Pero donde de verdad se ve la transgresión es en la frase "escribir es tan importante como mis hijas", escondida en medio de esa lista de terribles declaraciones. ¿Es verdad? ¿O está Sexton jugando a decir lo que no se puede decir, como se hace a veces en terapia?

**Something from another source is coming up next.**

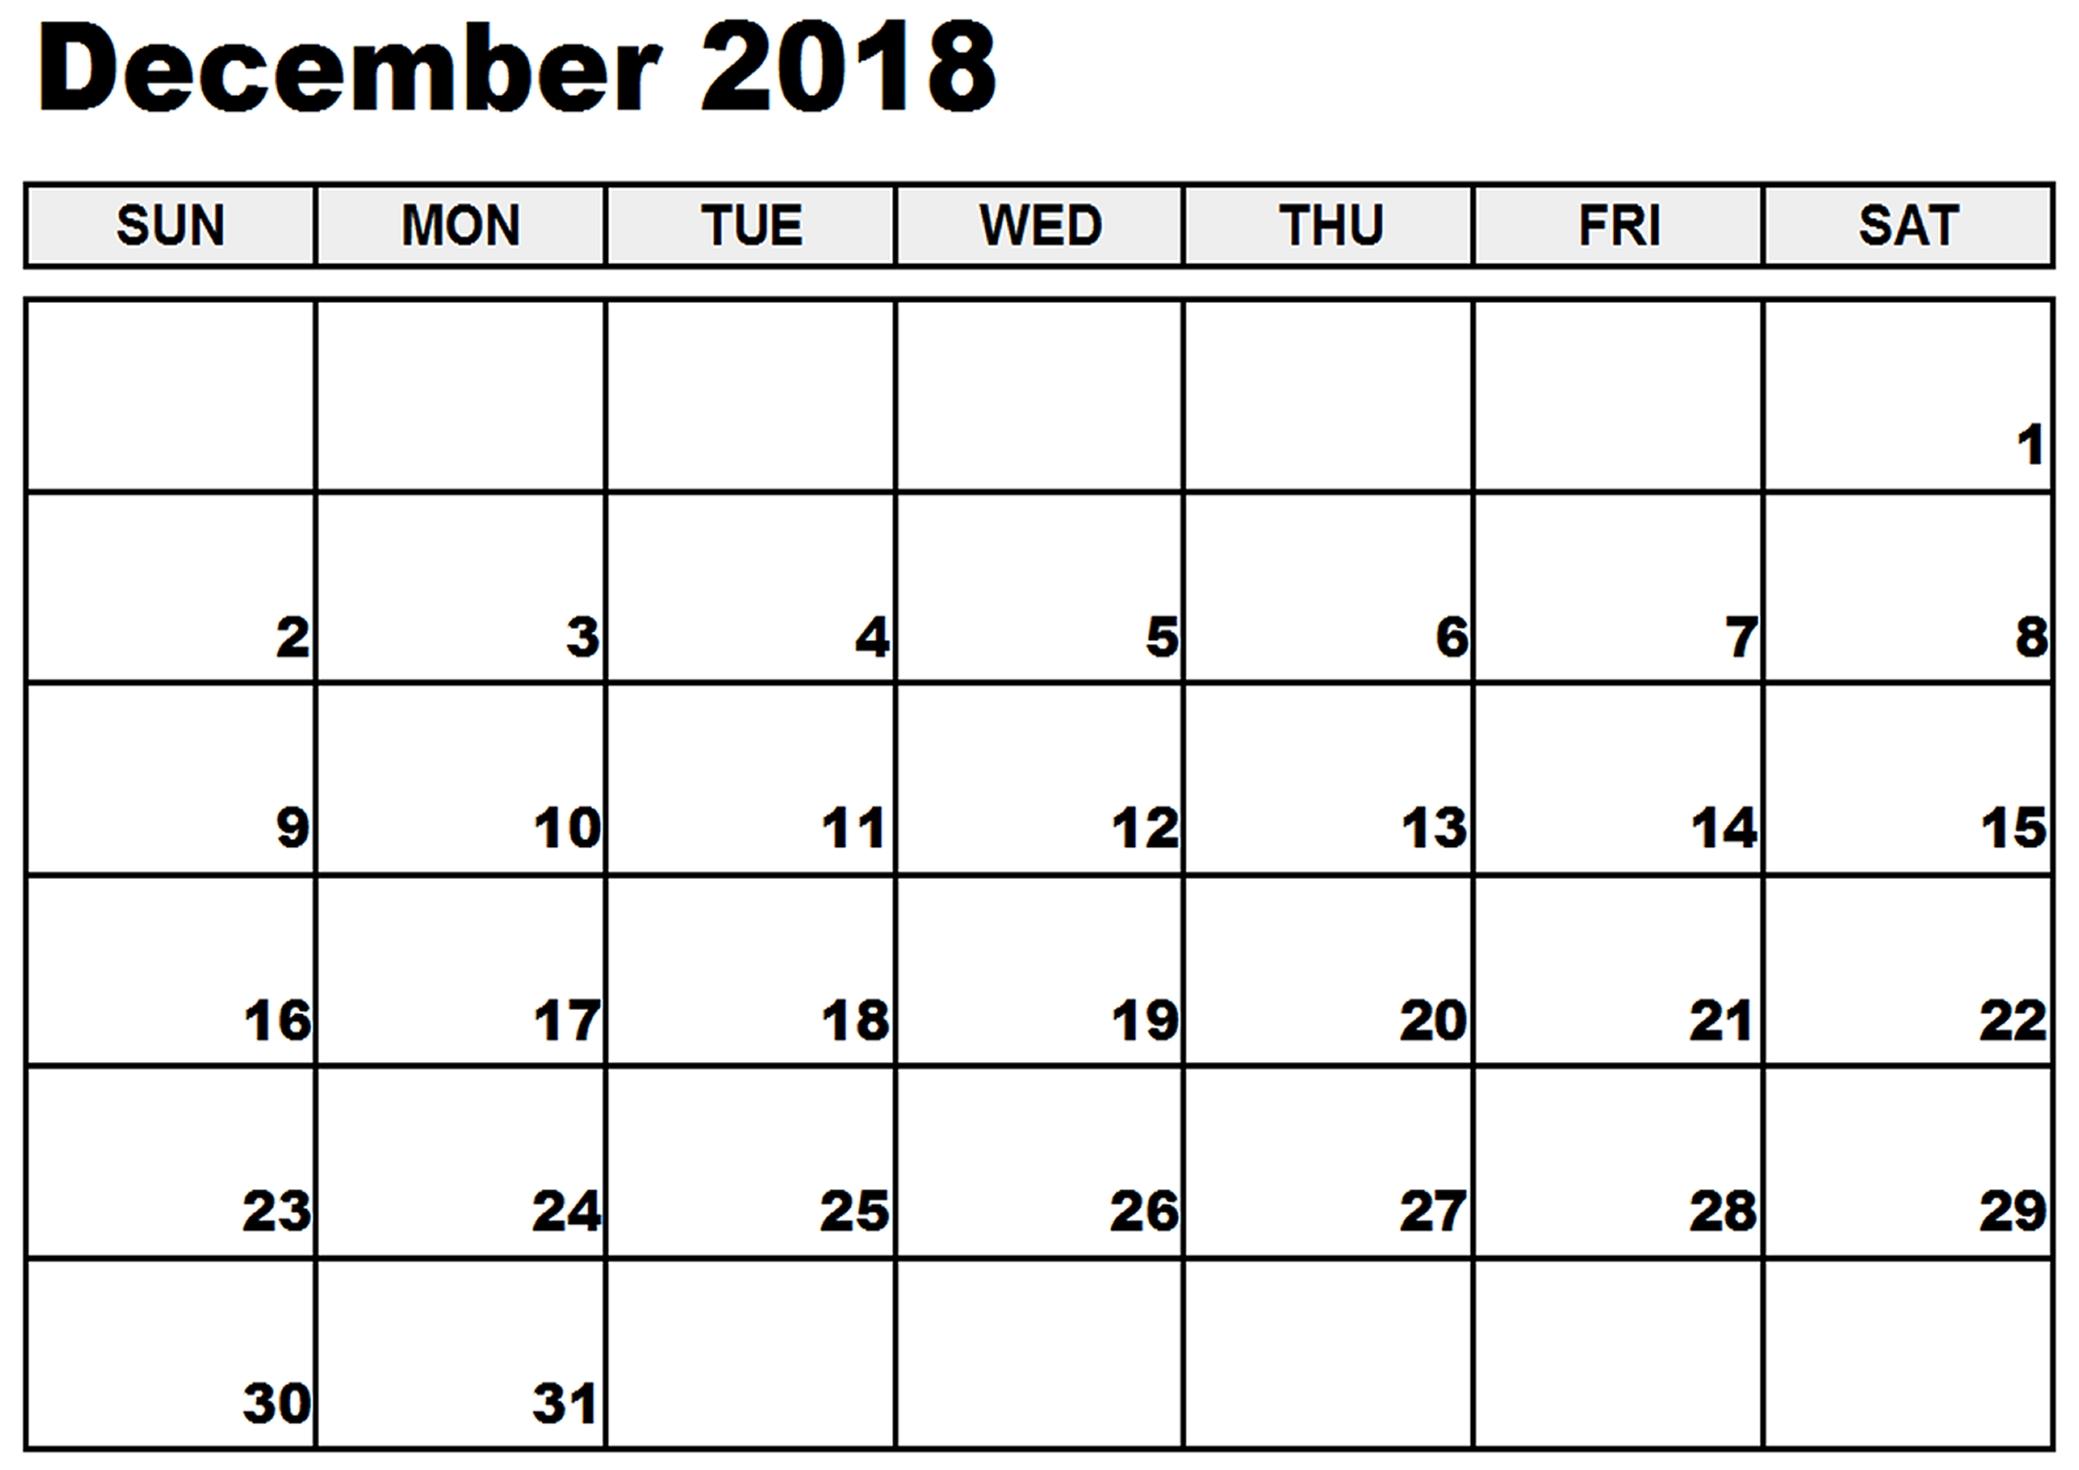 December 2018 Calendar Printable

Leí la frase y de inmediato me pareció que me lanzaba un guante. ¿Creía yo que mi escritura era tan importante como mis hijos? No lo creía, pero pensé que tal vez era importante intentar pensar en ello, intentar decirlo, hacer que las palabras rodaran como aceitunas en mi boca.

"Escribir es tan importante como mis hijos". Solo pensarlo hizo que me vinieran arcadas.

Mi lista inicial de mujeres monstruosas era corta y sus pecados estaban relacionados, todos ellos, con la maternidad. En concreto, con la maternidad negligente. Si el crimen masculino es la violación, el crimen femenino es la renuncia a los cuidados. Lo peor que puede hacer una mujer es abandonar a sus hijos.